“ In die tijd kwam Jezus vanuit Nazaret, dat in Galilea ligt, naar de Jordaan om Zich door Johannes te laten dopen. Op het moment dat hij uit het water omhoogkwam, zag hij de hemel openscheuren, en de Geest als een duif op Zich neerdalen. Er klonk een stem uit de hemel: “ Jij bent Mijn geliefde Zoon, in jou vind ik vreugde. “ Meteen daarna dreef de Geest Hem de woestijn in. Veertig dagen bleef Hij in de woestijn, waar Hij door de satan op de proef werd gesteld. Hij leefde er te midden van de wilde dieren, en de engelen zorgden voor Hem. Nadat Johannes gevangen was genomen, ging Jezus naar Galilea, waar Hij Gods goede nieuws verkondigde. Dit was wat Hij zei: “ De tijd is aangebroken, het Koninkrijk van God is nabij: kom tot inkeer en geloof het Evangelie! “ ( Marcus 1 : 9 – 15 )

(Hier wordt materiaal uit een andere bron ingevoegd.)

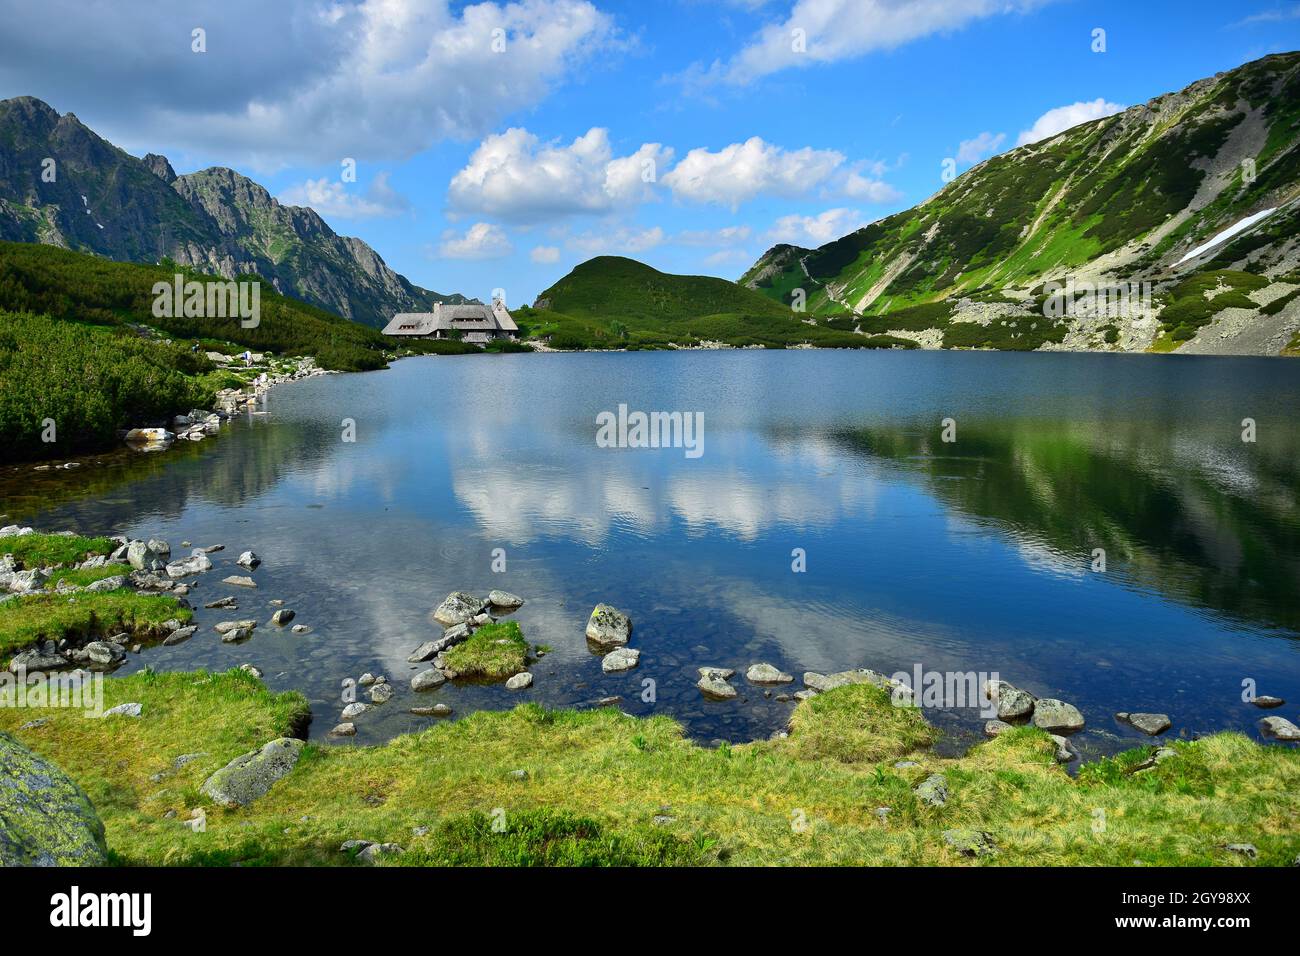 The beautiful lake Przedni Staw and the mountain lodge Schronisko Piec Stawow in the High Tatras, Poland. Stock Photo

Het Evangelie van het Nieuwe Testament begon met de aankondiging van de geboorte van Johannes de Doper. Er straalde een bijzondere manier van leven van deze bijzondere man af. Hij leidde een afgezonderd leven, en had een heilige afkeer van de wereld. Alle facetten van zijn leven ademden de geest van het Evangelie. In de prediking en doop van Johannes liggen het begin van de leerstellingen en de inzettingen van het Evangelie besloten. Johannes predikte de bekering en vergeving van de zonden die samen de uniciteit van het Woord van God uitmaken. De vergeving van zonden vormde het hoofdthema in zijn appellerende speeches. Johannes predikte als geen ander de Christus. Elke dag wekte hij zijn toehoorders op om vergeving van zonden te zoeken. Hij vertelde de mensen dat er een vernieuwing van hun hart plaats moest vinden. Dat hun leven totaal veranderd moest worden.

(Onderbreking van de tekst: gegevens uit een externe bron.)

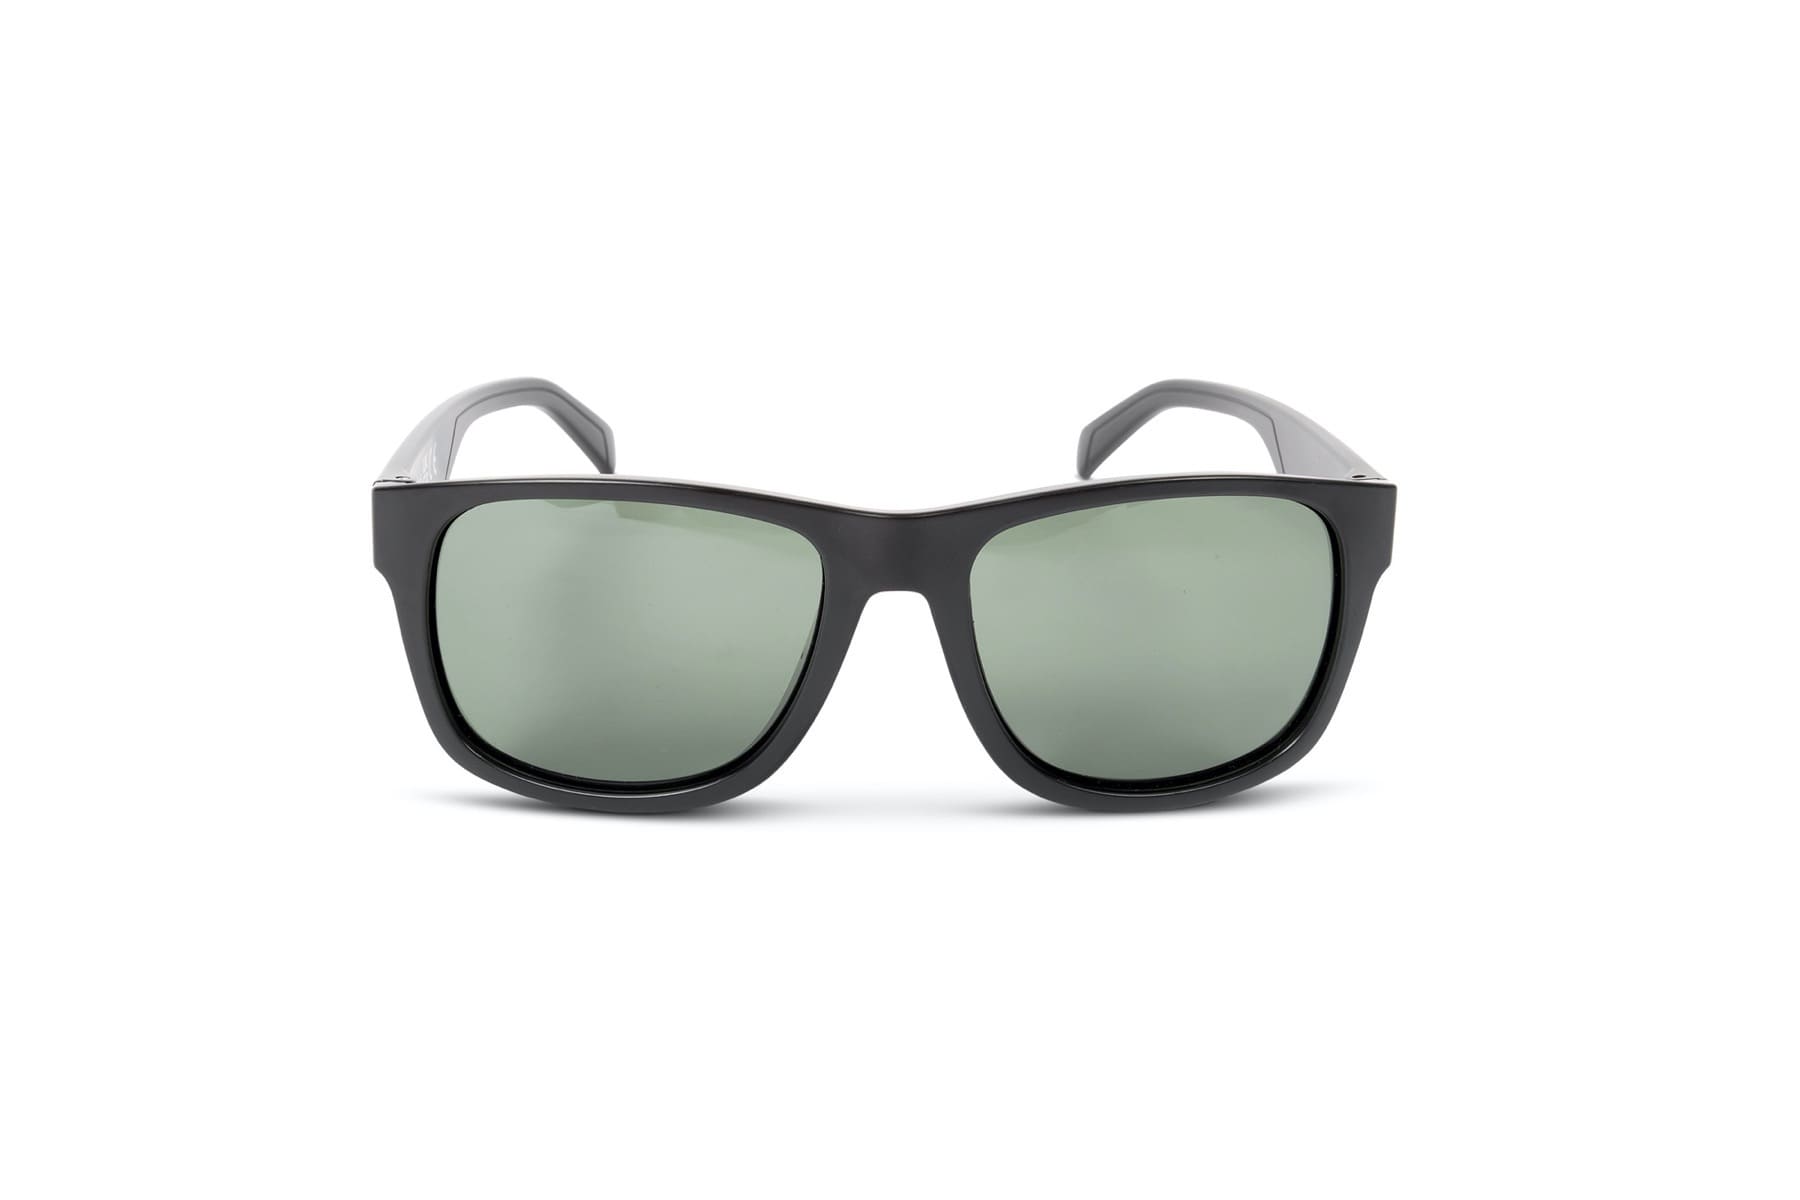 Preston inception leisure sunglasses green lens

Elk woord van Johannes was van een diepe hoogachting voor Christus doorweven. Christus was zo hoog dat Johannes het zichzelf niet waard vond om zelfs maar de riem van zijn schoenen los te maken. Hoewel Jezus later dan Johannes gezonden werd, schatte Johannes Hem vele malen hoger in. Johannes vertelde over de grote beloften die Christus ieder gaf die zich tot Hem bekeerde en van wie de zonden vergeven waren. Zij zouden de Heilige Geest ontvangen. Tenslotte doopte Johannes zijn bekeerlingen in het water van de Jordaan, zoals de Joden dat met hun proselieten gewend waren te doen. Dit was het teken dat ze door berouw en bekering gereinigd waren, God had hen door Zijn vergeving en heiligmaking schoongewassen.

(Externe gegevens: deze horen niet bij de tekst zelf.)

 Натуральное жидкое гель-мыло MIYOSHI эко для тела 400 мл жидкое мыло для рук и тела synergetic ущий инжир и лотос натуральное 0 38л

De aansluiting en respons die er op de prediking van Johannes kwamen, vormden eigenlijk het begin van de Evangeliekerk. Het was een hele bijzondere tijd. Hoewel Johannes in de woestijn leefde, stroomden alle inwoners vanuit de omtrek van Judea en Jeruzalem toe om zich door hem in de rivier de Jordaan te laten dopen, terwijl ze hun zonden beleden. Er staat iets heel bijzonders over Johannes geschreven. Zijn toehoorders werden allen zijn discipelen en stelden zich onder zijn gezag. Als teken daarvan beleden ze hun zonden. Velen van hen werden later leerlingen van Jezus en nog weer later zelf ook predikers van het Evangelie. Zo groeide het mosterdzaad van de prediking van Johannes uit tot een grote boom. Johannes moet over bijzondere gaven beschikt hebben om de mensen zo ver te laten komen. Dat leidde God Zelf natuurlijk maar Hij wilde daar de gaven en talenten van Johannes voor gebruiken.